Vintage sewing machine vs new pros & cons
I realize ‘vintage’ will mean different things to different people. I don’t remember how old my Kenmore was, but it had different stitch options and was maybe not old enough to be vintage? So, remembering that, the pros & cons I can think of for each option:
Vintage machine – pros:
- Made to last for decades
- Metal parts – hard to break
- Issues are often cheaper to fix because they are mechanical, as opposed to computerized
- Though they weren’t built for knits, they were built for thicker fabrics and can handle heavier weights with ease
- Can often be found for free or inexpensive
- Saving something from the landfill
Vintage machine – cons:
- It can be expensive or challenging to find replacement parts, manuals, cords, etc.
- Many only have a straight stitch, which isn’t ideal for sewing knit fabrics
- After being used for years, may have quirks or issues that are difficult for a beginner to diagnose and/or fix
Modern machine – pros:
- More bells & whistles – the automatic button hole function is amazing!
- Possibly comes with a warranty or service package, if purchased new
- Plastic parts mean they are lighter, easier to travel with
- More popular machines often have specific video tutorials for how to use them, online, which is great for beginners
- Some functions may make sewing more accessible – for example, I have an old back injury and it is so much more comfortable for me to sew using the button (no foot pedal!)
Modern machine – cons:
- Computerized displays are more expensive to fix – often repairs on cheaper machines aren’t worth it, it makes more sense to just buy another one
- Environmental aspects of buying new (packaging) & buying modern (planned obsolescence)
So what new machine would I recommend for beginners, if you don’t have a local shop or can’t get to one and want to shop online?
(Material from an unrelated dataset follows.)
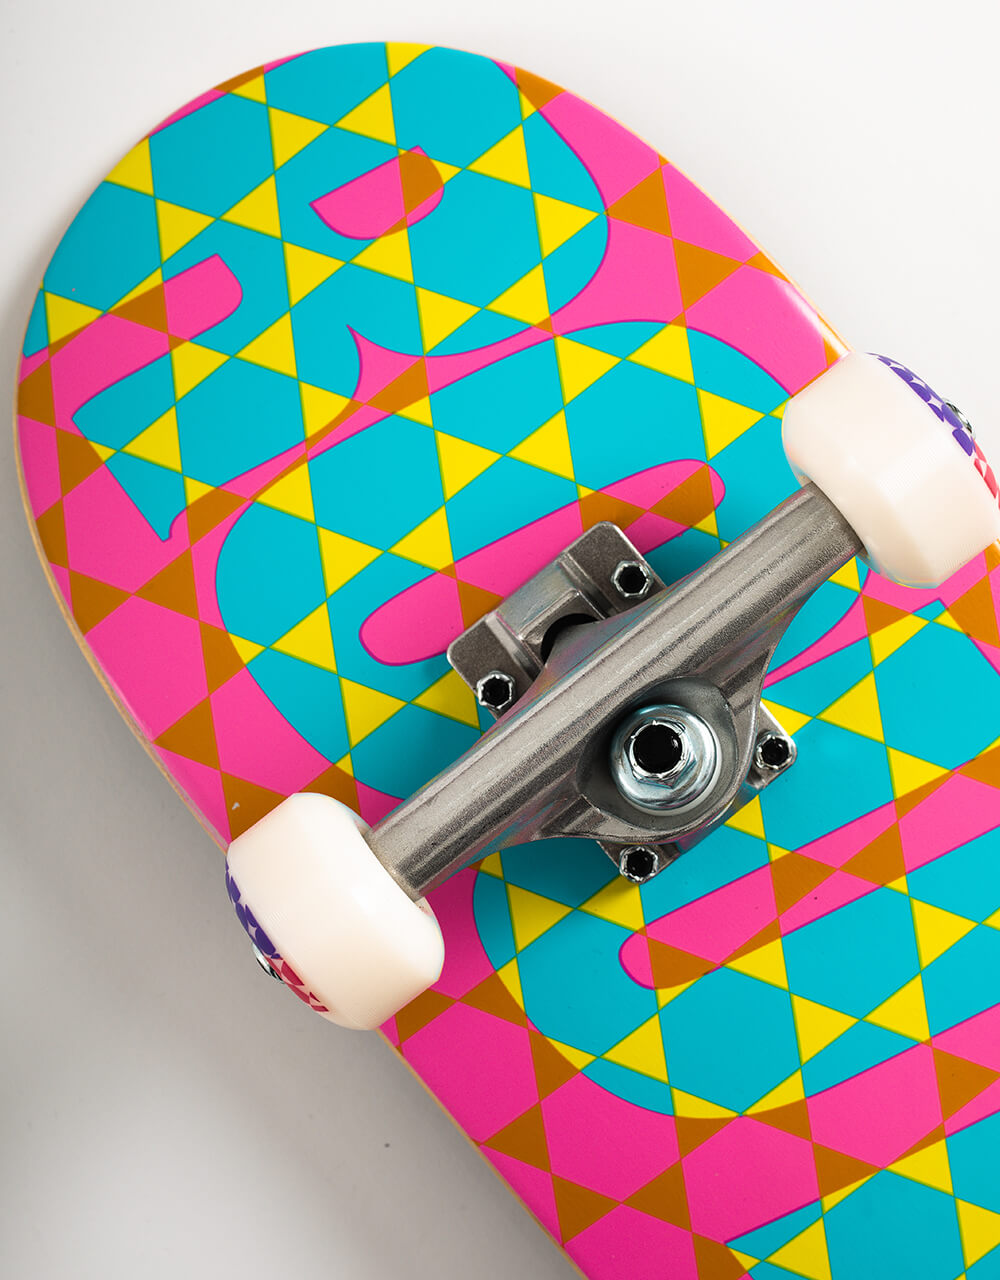 Route One Geometric Complete Skateboard - 7.75"

This one! (and check out my post of easy sewing projects for beginners, to get a head start!).
It has amazing reviews, several people who I know and trust have used it for years and recommended it, and I have had great luck with Brother brand (they aren’t, and have never paid me! I just like their machines).
This is not the machine I have in the pictures up above! I have the Simplicity SB3129, which I bought from the dealer, the Amazon equivalent is the Brother Project Runway PC420PRW. I am very happy with it, but it is pricey for a beginner machine.
So, that is why I’m glad I ditched my older machine for a newer one. But, if/when I need or want a new machine? I’ll definitely consider a vintage one again, especially now that I am more experienced in trouble shooting machine errors and confident in my sewing ability!
What is your experience with vintage sewing machine vs new? Share in the comments!